** Data extract **
───

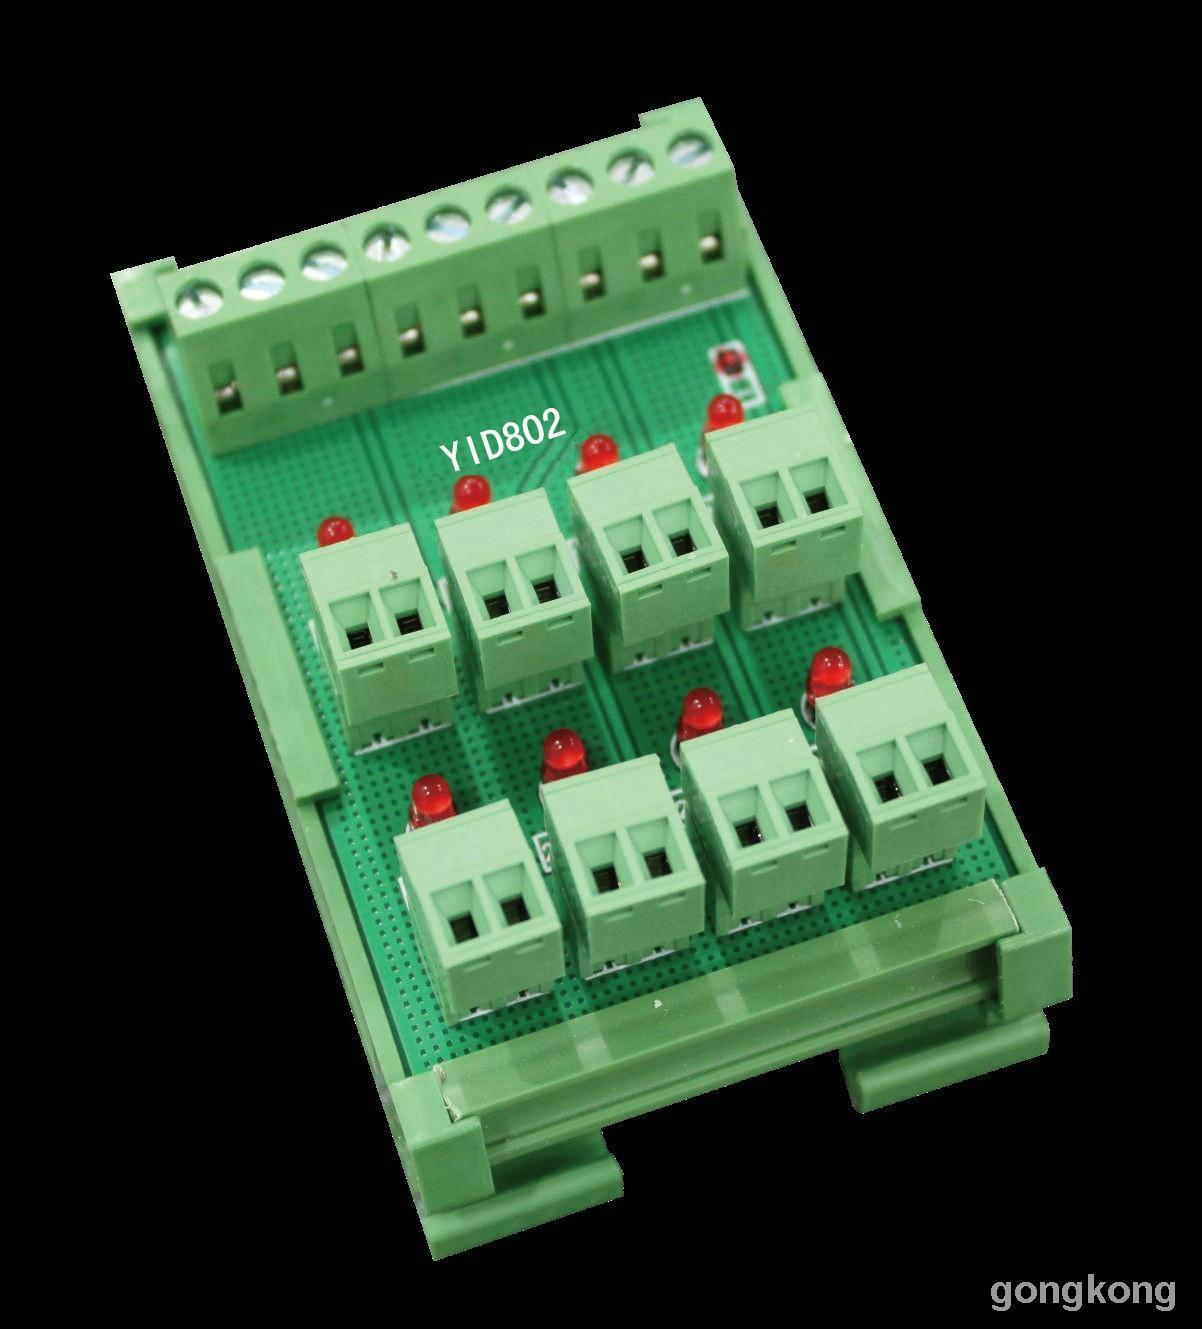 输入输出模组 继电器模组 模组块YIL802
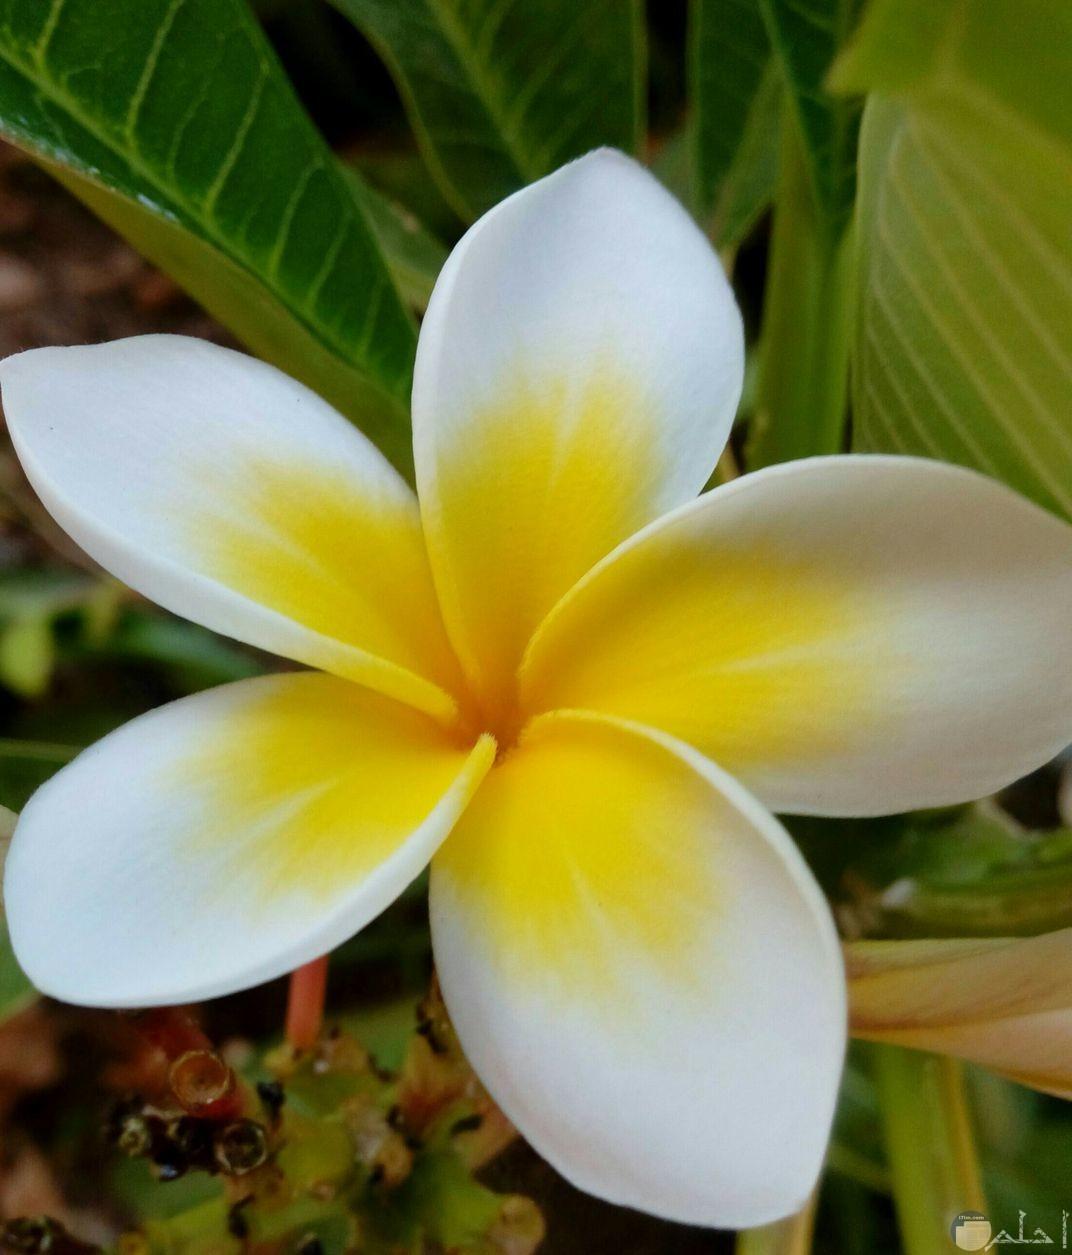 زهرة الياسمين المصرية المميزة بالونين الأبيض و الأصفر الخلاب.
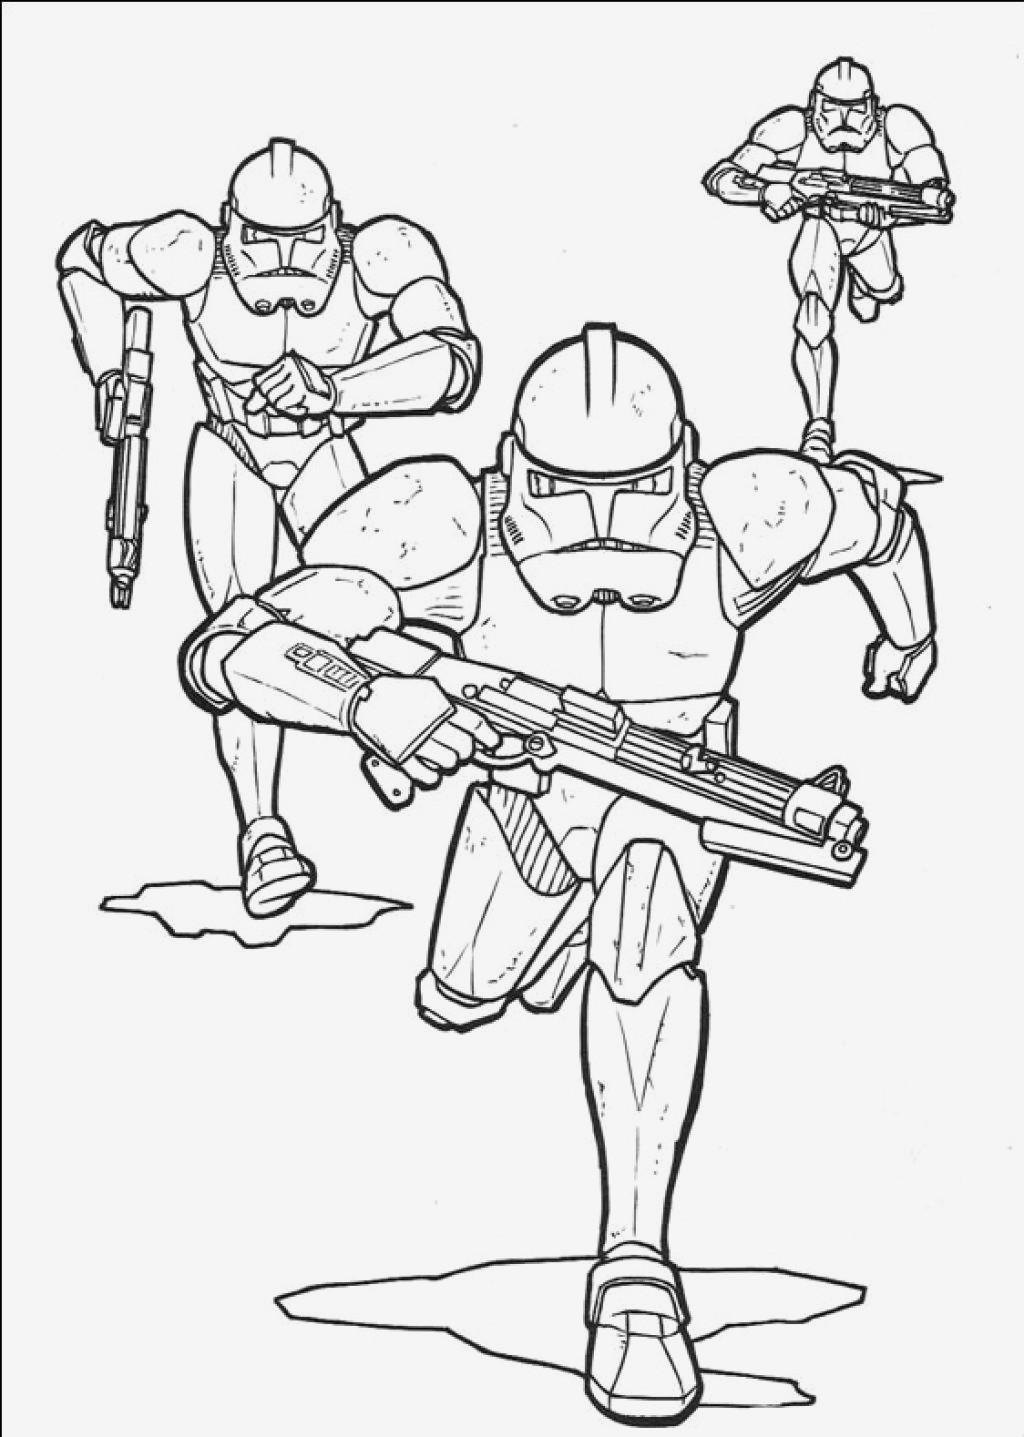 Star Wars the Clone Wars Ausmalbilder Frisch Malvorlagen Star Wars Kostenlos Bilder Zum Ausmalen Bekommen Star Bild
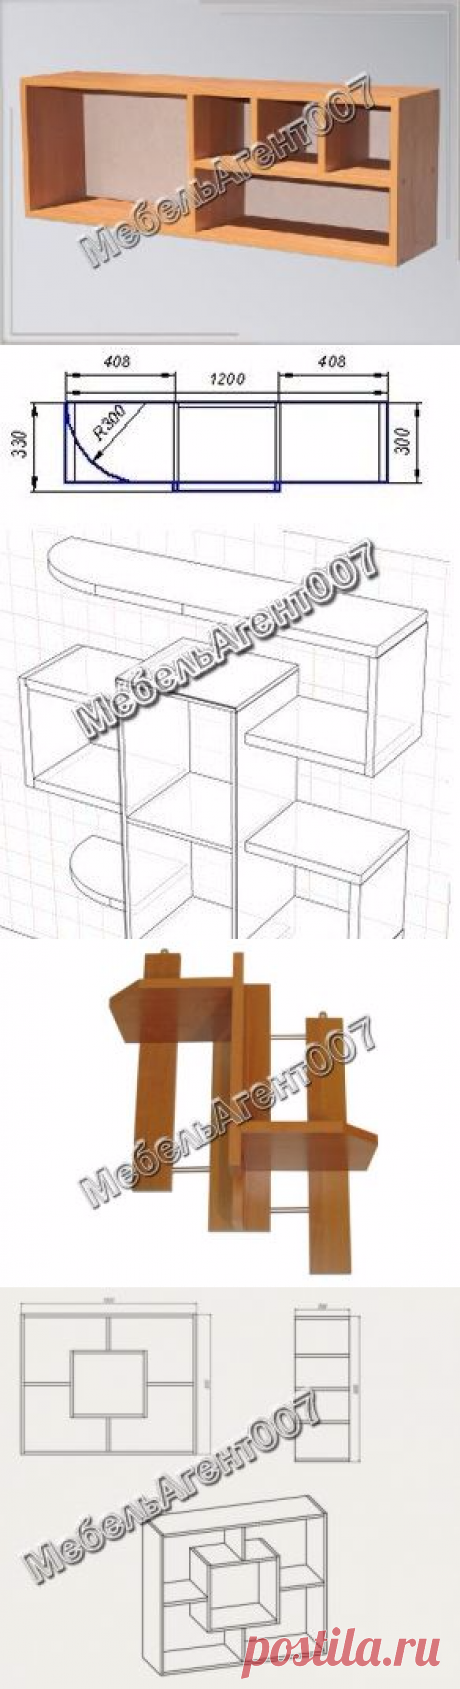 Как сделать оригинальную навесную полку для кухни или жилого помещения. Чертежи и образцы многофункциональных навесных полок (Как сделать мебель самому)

───

** What is needed **
Working from the line that contains "Star Wars the" to the last line of the listing, please quote each line exactly, pictures excluded.

** Exercise answer **
 Star Wars the Clone Wars Ausmalbilder Frisch Malvorlagen Star Wars Kostenlos Bilder Zum Ausmalen Bekommen Star Bild
 Как сделать оригинальную навесную полку для кухни или жилого помещения. Чертежи и образцы многофункциональных навесных полок (Как сделать мебель самому)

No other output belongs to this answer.